Interestingly, we found that none of the most specific technical approaches we mentioned in our survey received strong support from more than a few experts, although the largest plurality emerged in support of probability theory. There was, however, strong agreement among the experts that integrating a wide range of approaches was better than just focusing on a single approach. There were a few who were highly bullish on robotics as the correct path to AGI in the relatively near term, whereas the rest felt robotics is probably not necessary for AGI.
Impacts of AGI
In science fiction, intelligent computers frequently become dangerous competitors with humanity, sometimes even seeking to exterminate humanity as an inferior life form. And indeed, based on our current state of knowledge, it’s hard to discount this as a real possibility, alongside much more benevolent potential outcomes. To probe this issue, we focused on the “Turing test” milestone specifically, and we asked the experts to think about three possible scenarios for the development of human-level AGI: if the first AGI that can pass the Turing test is created by an open source project, the United States military, or a private company focused on commercial profit. For each of these three scenarios, we asked them to estimate the probability of a negative-to-humanity outcome if an AGI passes the Turing test. Here the opinions diverged wildly. Four experts estimated a greater than 60% chance of a negative outcome, regardless of the development scenario. Only four experts gave the same estimate for all three development scenarios; the rest of the experts reported different estimates of which development scenarios were more likely to bring a negative outcome. Several experts were more concerned about the risk from AGI itself, whereas others were more concerned that humans who controlled it could misuse AGI.
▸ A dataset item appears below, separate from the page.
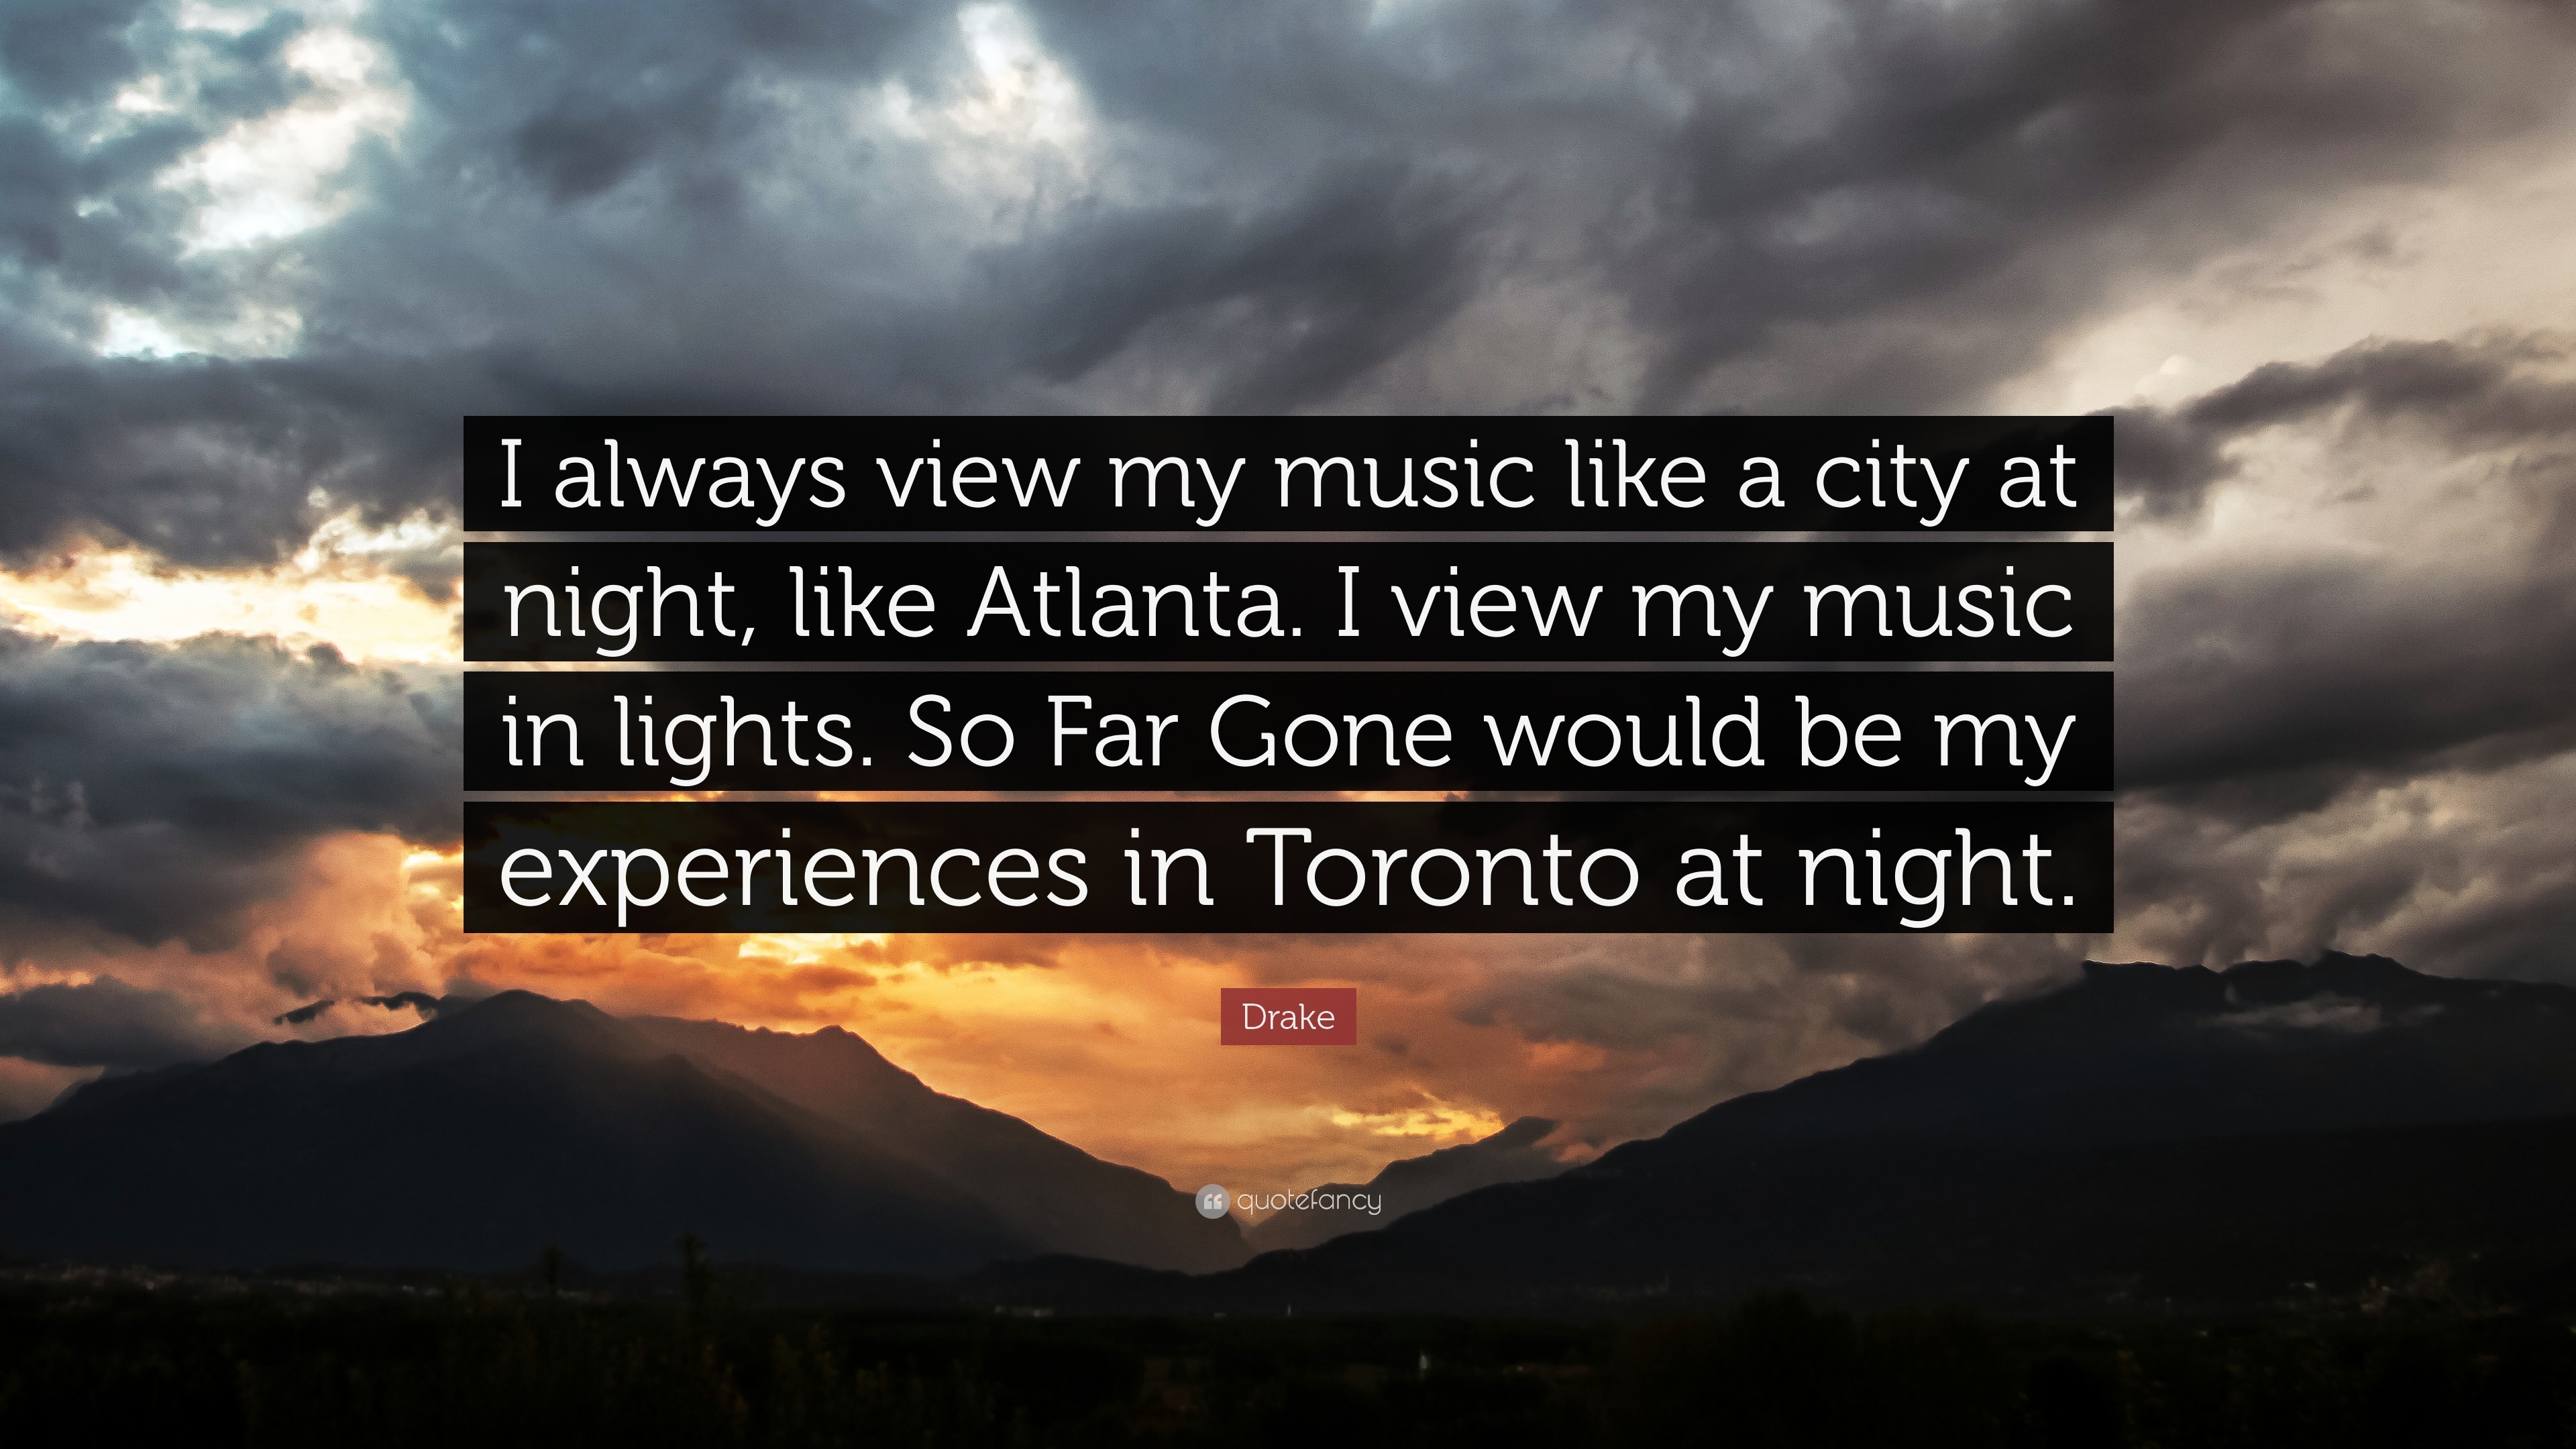 3840x2160 Drake Quote: “I always view my music like a city at night, like

Several experts noted potential impacts of AGI other than the catastrophic. One predicted “in thirty years, it is likely that virtually all the intellectual work that is done by trained human beings such as doctors, lawyers, scientists, or programmers, can be done by computers for pennies an hour. It is also likely that with AGI the cost of capable robots will drop, drastically decreasing the value of physical labor. Thus, AGI is likely to eliminate almost all of today’s decently paying jobs.” This would be disruptive, but not necessarily bad. Another expert thought that, “societies could accept and promote the idea that AGI is mankind’s greatest invention, providing great wealth, great health, and early access to a long and pleasant retirement for everyone.” Indeed, the experts’ comments suggested that the potential for this sort of positive outcome is a core motivator for much AGI research.
To successfully emulate a human, a computer might have to disguise many of its abilities, masquerading as being less intelligent…
We know of two previous studies exploring expert opinion on the future of artificial general intelligence. In 2006, a seven-question poll was taken of a handpicked group of academic AI researchers (mostly not focused on AGI in their research) at the AI@50 conference. Asked “when will computers be able to simulate every aspect of human intelligence?”, 41% said “more than 50 years” and 41% said “never.” And in 2007, the futurist entrepreneur Bruce Klein gave an online survey that garnered 888 responses, asking one question: “When will AI surpass human-level intelligence?” The bulk of his respondents believed that human-level artificial intelligence would be achieved during the next half century.
In broad terms, our results concur with those of the two studies mentioned above. All three studies suggest that significant numbers of interested, informed individuals believe it is likely that AGI at the human level or beyond will occur around the middle of this century, and plausibly even sooner. Of course, this doesn’t prove anything about what the future actually holds — but it does show that, these days, the possibility of “human-level AGI just around the corner” is not a fringe belief. It’s something we all must take seriously.